This is the official repository for the paper:
Why Do Multilingual Reasoning Gaps Emerge in Reasoning Language Models?
Deokhyung Kang, Seonjeong Hwang, Daehui Kim, Hyounghun Kim, Gary Geunbae Lee
📄 [arXiv:2510.27269]
This repository provides the analysis, detection, and mitigation framework proposed in the paper: Why Do Multilingual Reasoning Gaps Emerge in Reasoning Language Models?
The repository is designed as a paper-aligned companion repository, enabling direct and faithful reproduction of the paper’s main experimental results.
Specifically, this repo supports:
- Residual-based attribution analysis of multilingual reasoning gaps (Section 3)
- Detection of understanding failures from reasoning traces (Section 4)
- Mitigation via Selective Translation guided by failure detection (Section 5)
Each major section of the paper is mapped to a corresponding directory with a dedicated README explaining how to reproduce the results step by step.
All experiments can be run in a Conda environment with Python 3.12.

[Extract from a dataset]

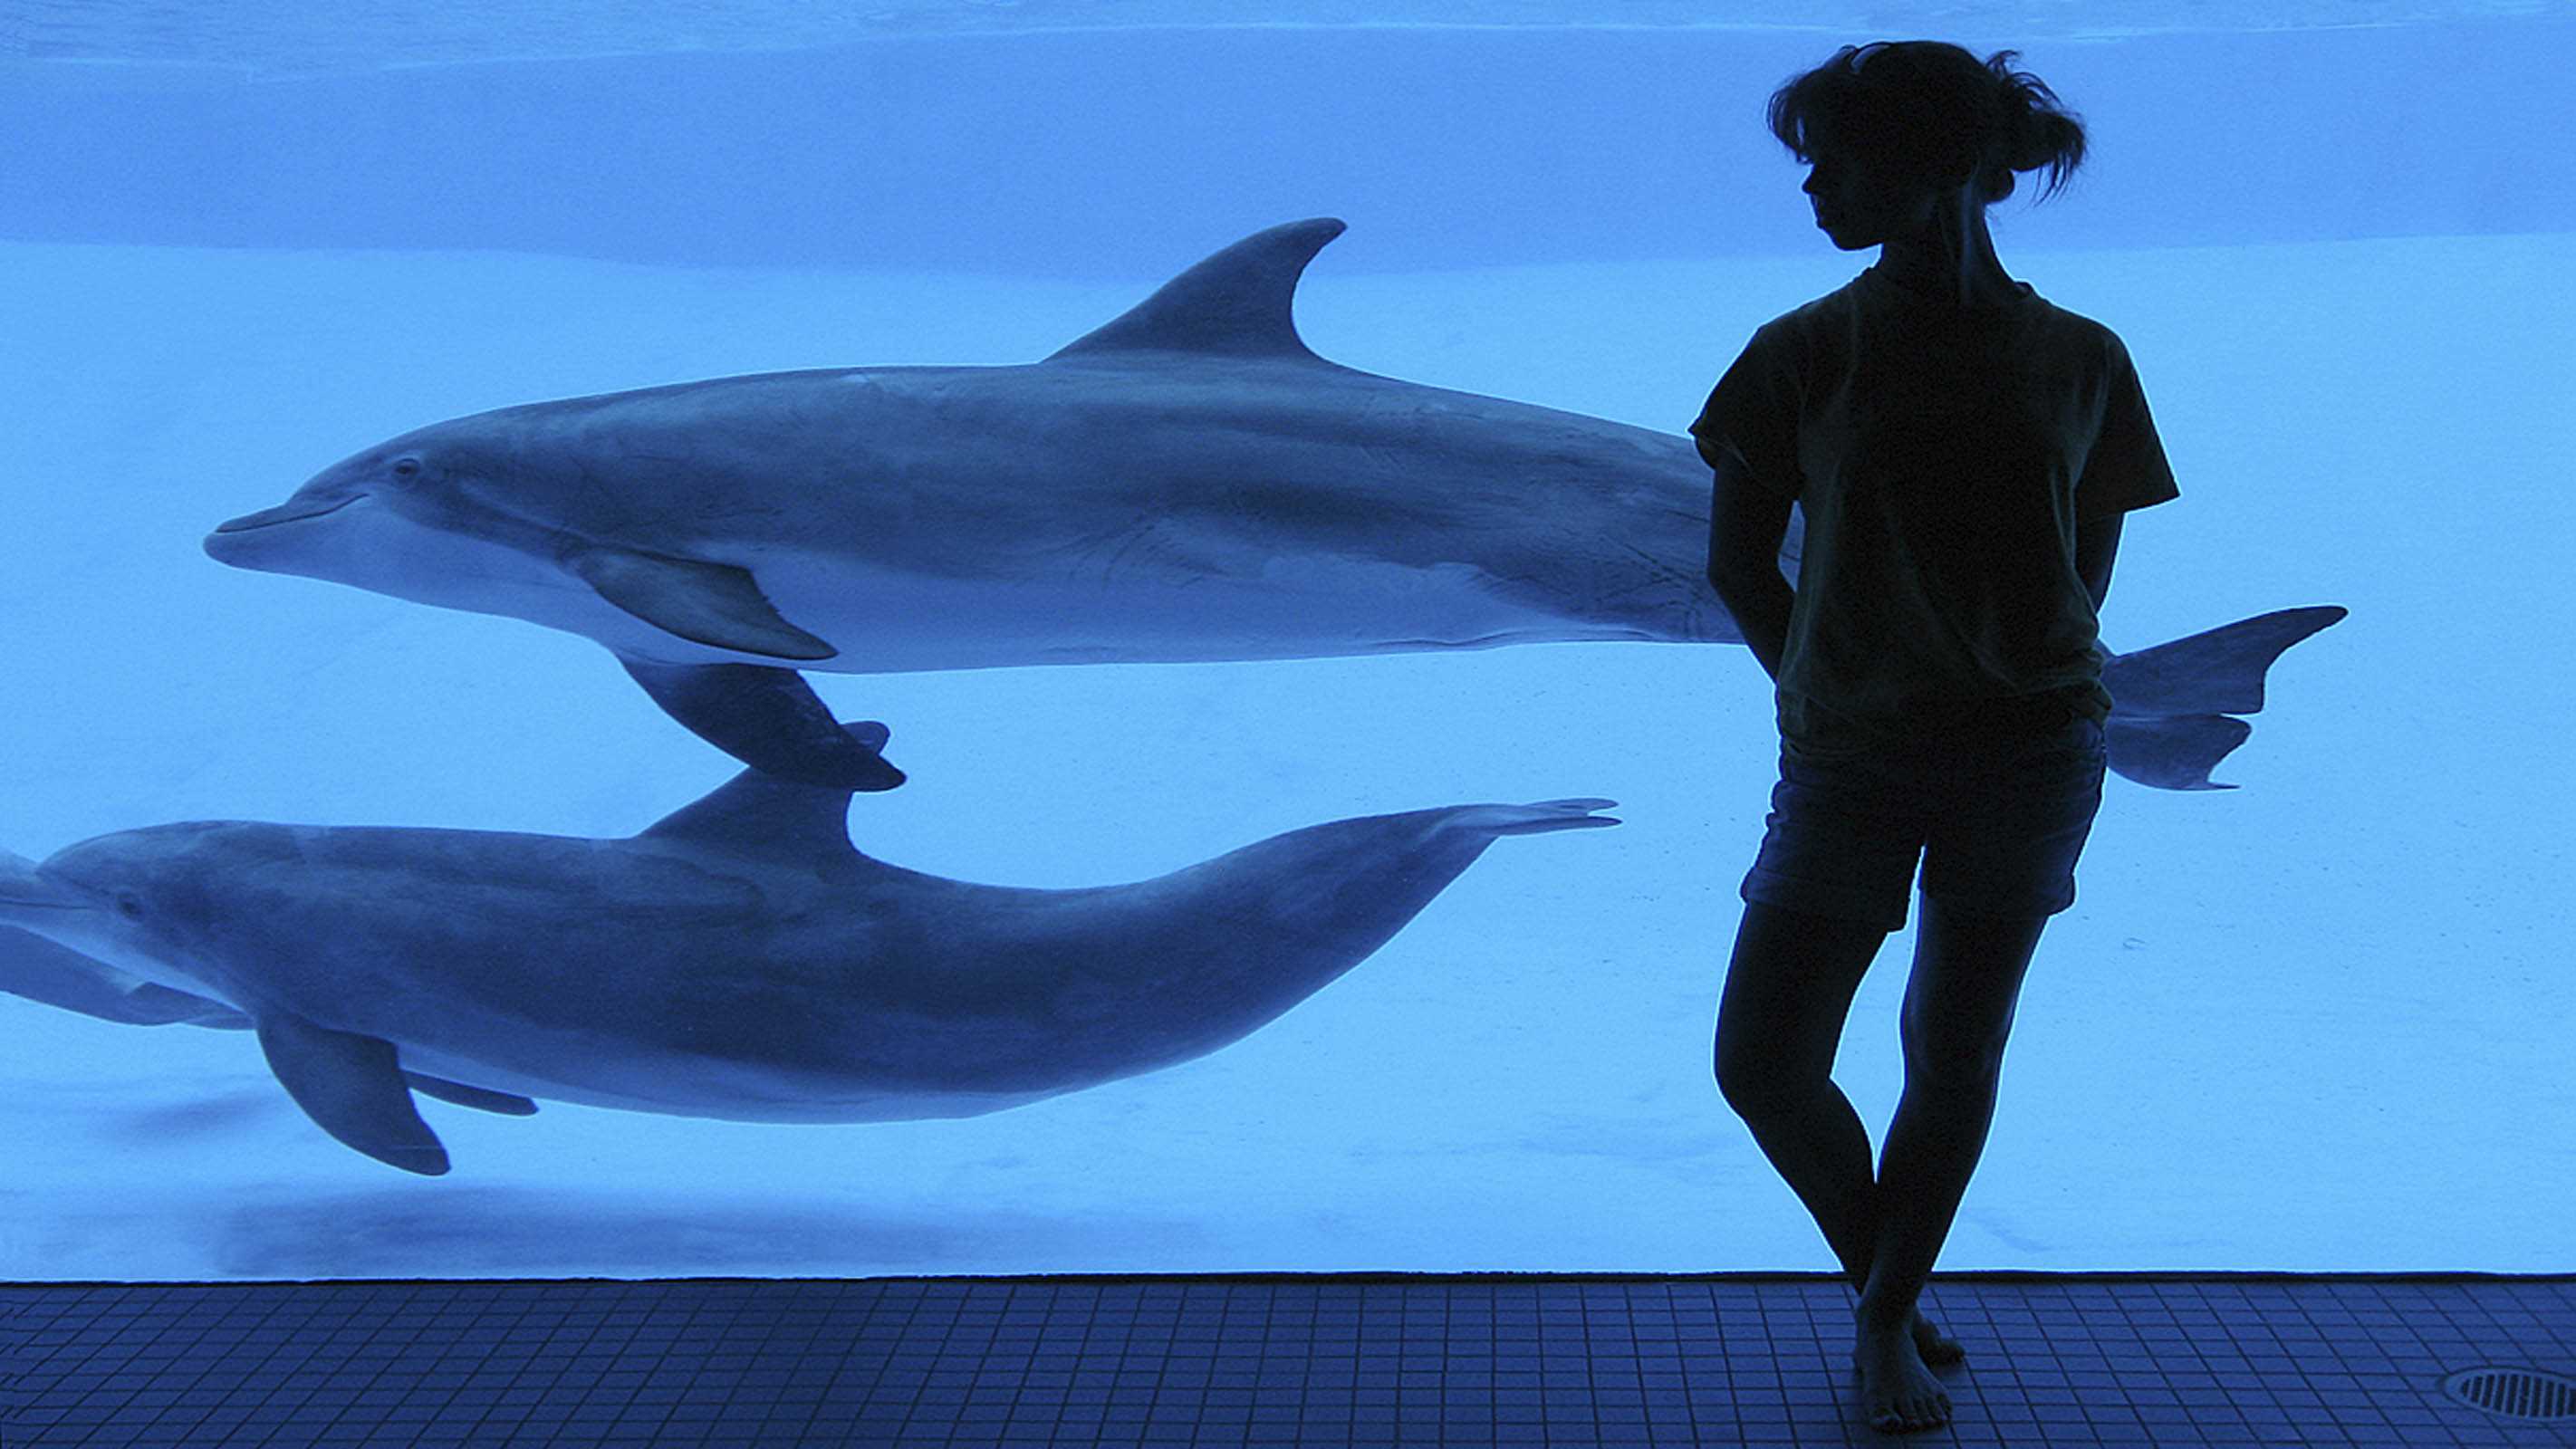 Dolphins in captivity: should dolphinariums be banned? - netivist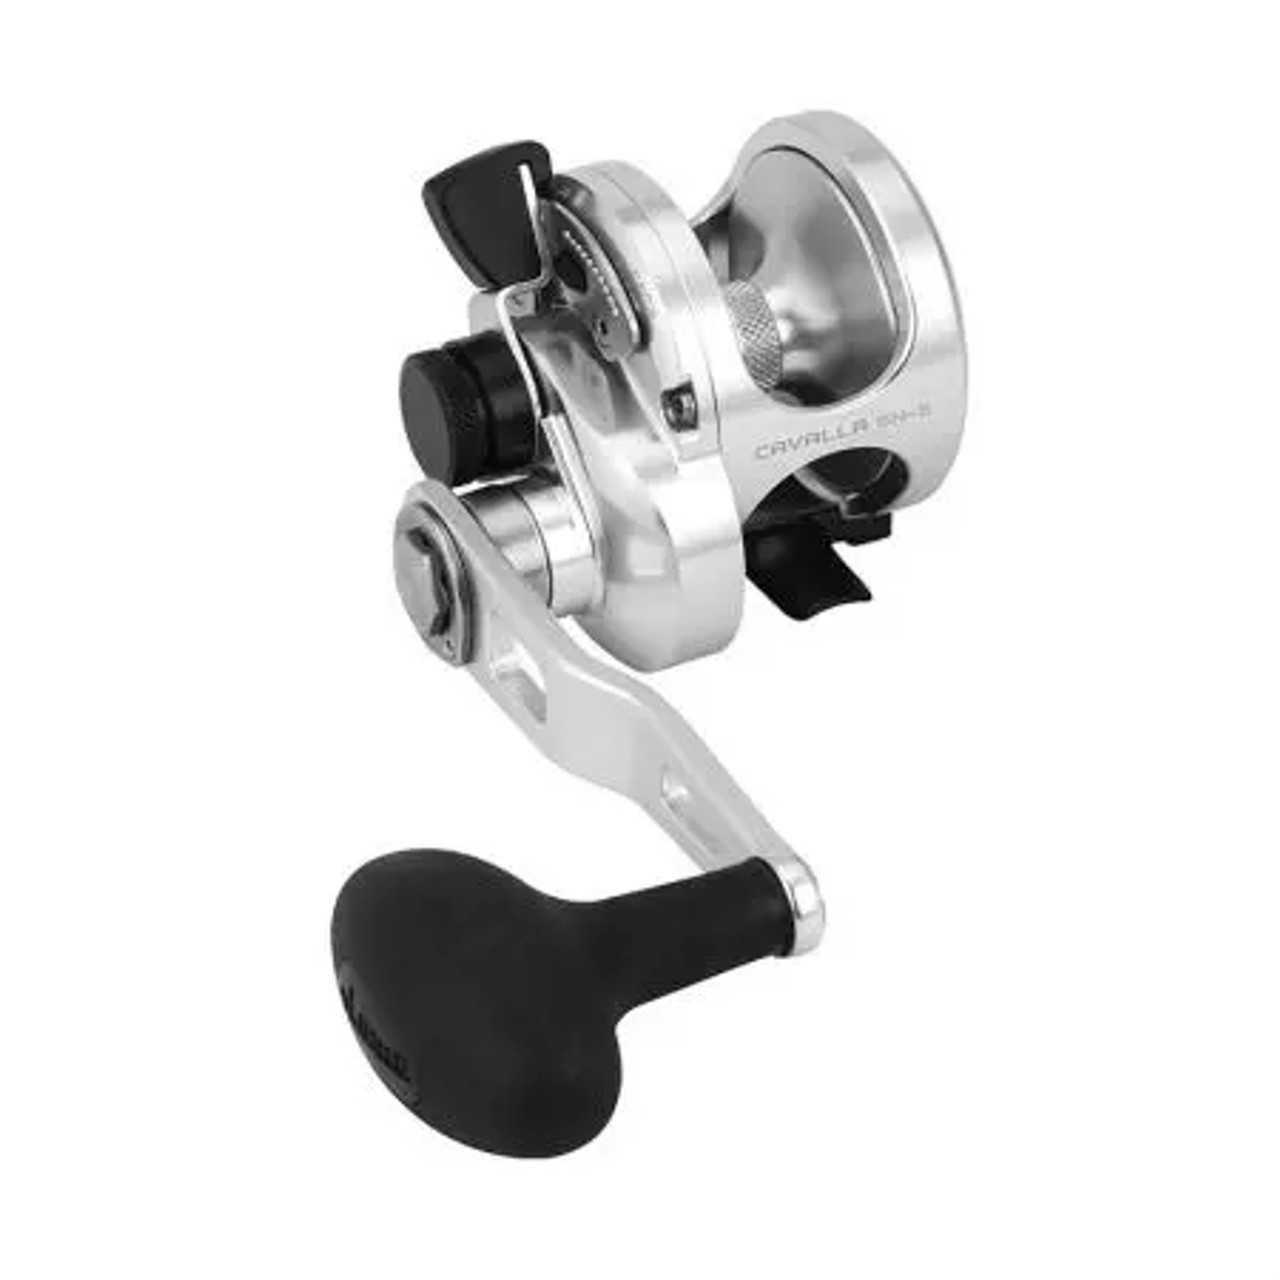 Reel in the big ones with our Okuma Makaira Lever Drag Reels

conda create -n rlm_analysis python=3.12
conda activate rlm_analysis
pip install -e .Next, install a modified version of fastText that is compatible with numpy>=2.0.
git clone https://github.com/deokhk/fastText_numpy_2.0.git
cd fastText_numpy_2.0
pip install -e .We use FastText for language identification.
Please download the FastText language identification model (lid.176.ftz) and move it to the misc/ directory:
wget https://dl.fbaipublicfiles.com/fasttext/supervised-models/lid.176.ftz
mv lid.176.ftz ./misc/The repository structure is organized to closely mirror the paper’s experimental pipeline.
RLM_analysis/
├── experiments/ # Guide for reproducing the paper is provided here
├── misc/ # Where the lid.176.ftz file should be placed
├── outputs/ # Where outputs for all experiments will be saved
├── src/ # Source code
├── translated_data/ # Translated queries
└── pyproject.toml # For installing requirements
Each major component under the ./experiments directory corresponds to a section of the paper:
| Paper Section | Topic | Code Entry Point |
|---|---|---|
| §3 | Why Does the Multilingual Reasoning Gap Emerge? | 3_multilingual_reasoning_gap_attribution/ |
| §4 | Detecting Understanding Failures | 4_detecting_understanding_failures/ |
| §5 | Selective Translation | 5_selective_translation/ |
Each directory contains its own README with detailed instructions for reproducing the corresponding experiments, including required inputs, scripts, and expected outputs.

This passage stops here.